EN: I remember I was still in my early high school years when I first read this book. Stephen King is a master storyteller, and through his words he takes the reader on a captivating visual journey, drawing them in with his magic. I was spellbound with the story and I realized then that I am a very spatial person. I could feel my senses in overdrive and in total connection with the ambience, lighting, and color—like a 3D rendering, his work became so tangible and I was completely spellbound. I think King does this through not only the way he structures his story but also in the way that he tells the story. In the same way, I feel this is how an interior designer should be able to arouse interest through structure (the architecture or backbone of a project) and through descriptive language (color, texture, proportion). In particular when it comes to hospitality projects, this is about how you can guide the emotions of your audience and prepare them to be captivated by your design narrative.

D&B: What are the most influential books that you have read in Chinese? Any on design?

EN: I seldom read Chinese books and to be honest, books on design in this part of the world are still a relatively new concept. A while ago I re-read the Analects of Confucius prior to designing the new Shangri-La hotel in Qufu, which is the birth town of Confucius, and it gave me a lot of inspiration for my design. Our concept for this hotel is based on the principles of Confucian philosophy—Order, Harmony, and Hierarchy—and also the six arts: Calligraphy, Archery, Arithmetic, Music, Chariot Racing, and Ceremonial Rites. It is a project that is very special to us, and just opened this August.

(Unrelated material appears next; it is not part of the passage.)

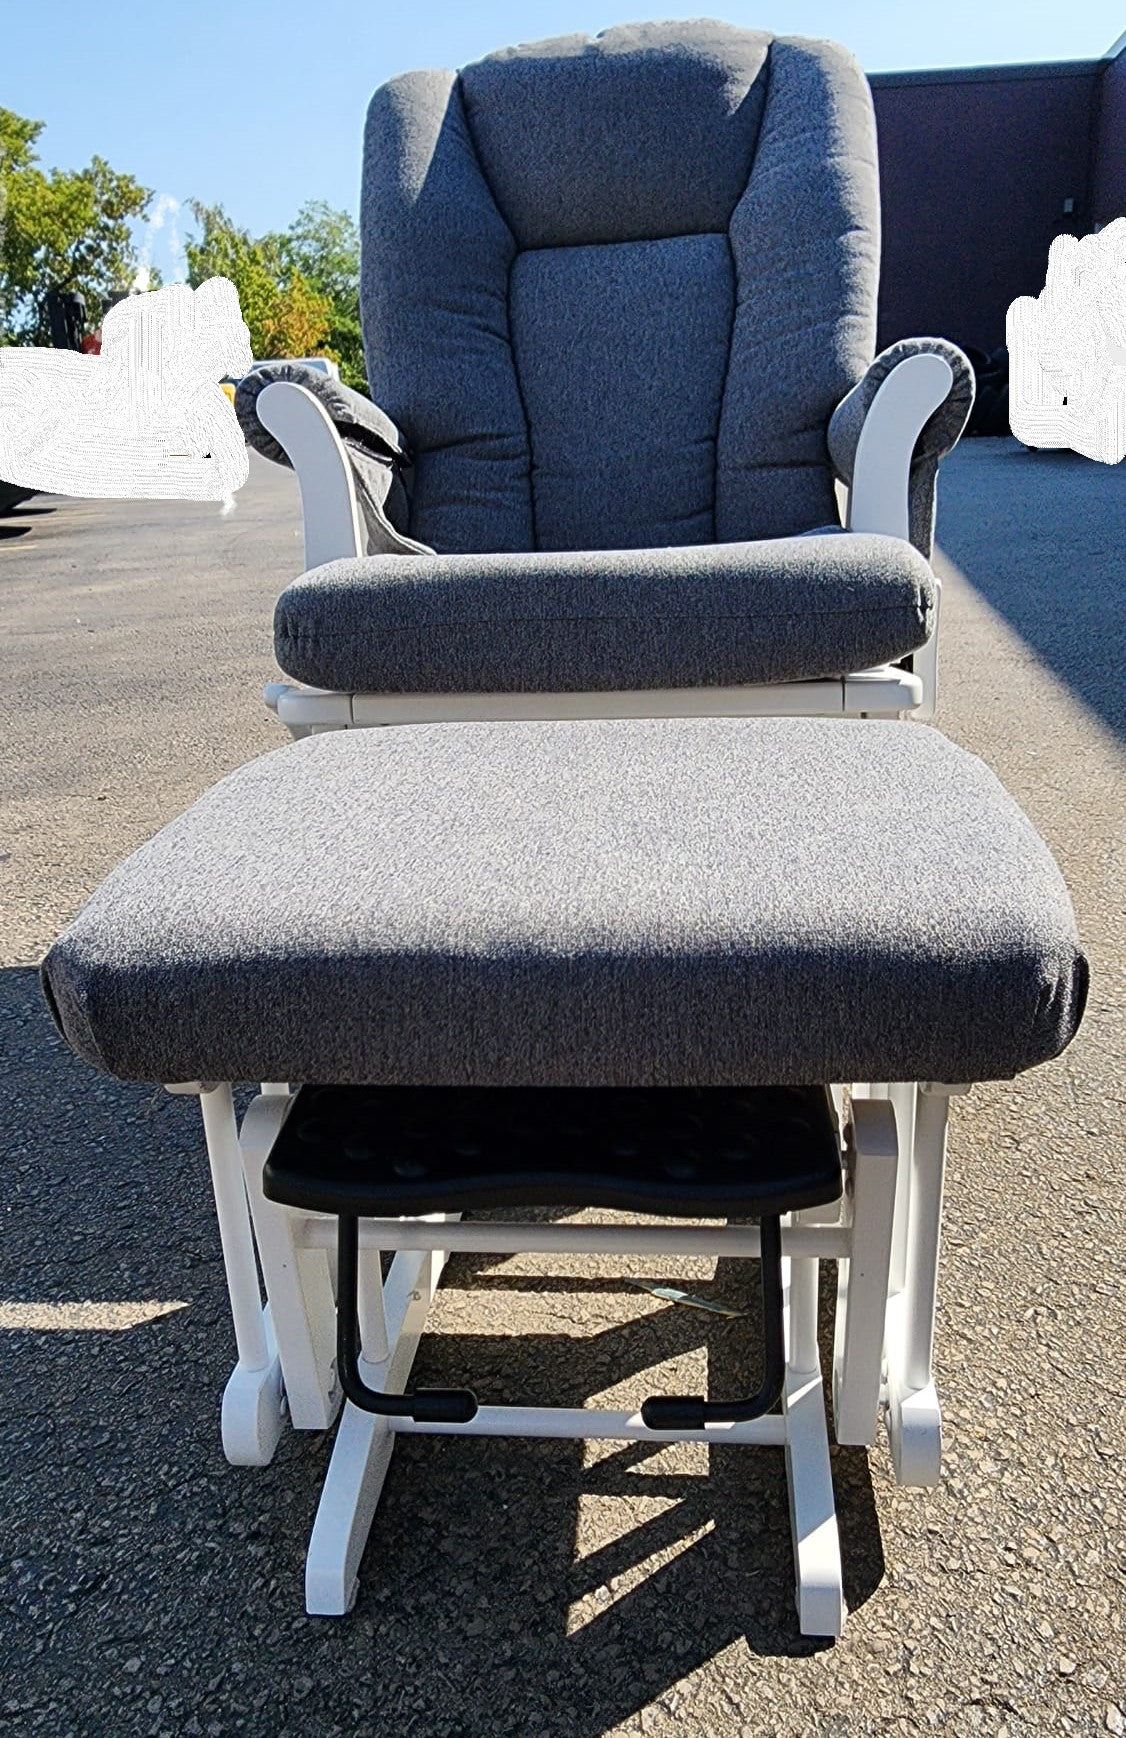 DUTALIER ANNA RECLINER/GL Baby Rocking chair white

Shangri-La Qufu, 2013. Lobby lounge. A majestic centerpiece wisdom lantern comprised of hundreds of smaller lanterns hangs from the 8.5-meter overhead skylight. The view of a Chinese courtyard “siheyuan” behind provides the perfect backdrop for the lobby lounge, creating the illusion of many layers. The lobby lounge design uses parallel surfaces and repeated patterns to reflect the ideologies of harmony, symmetry, and order. Photo: Chester Ong, courtesy of AB Concept


All images from The Language of Luxe, courtesy of ORO Editions unless otherwise noted.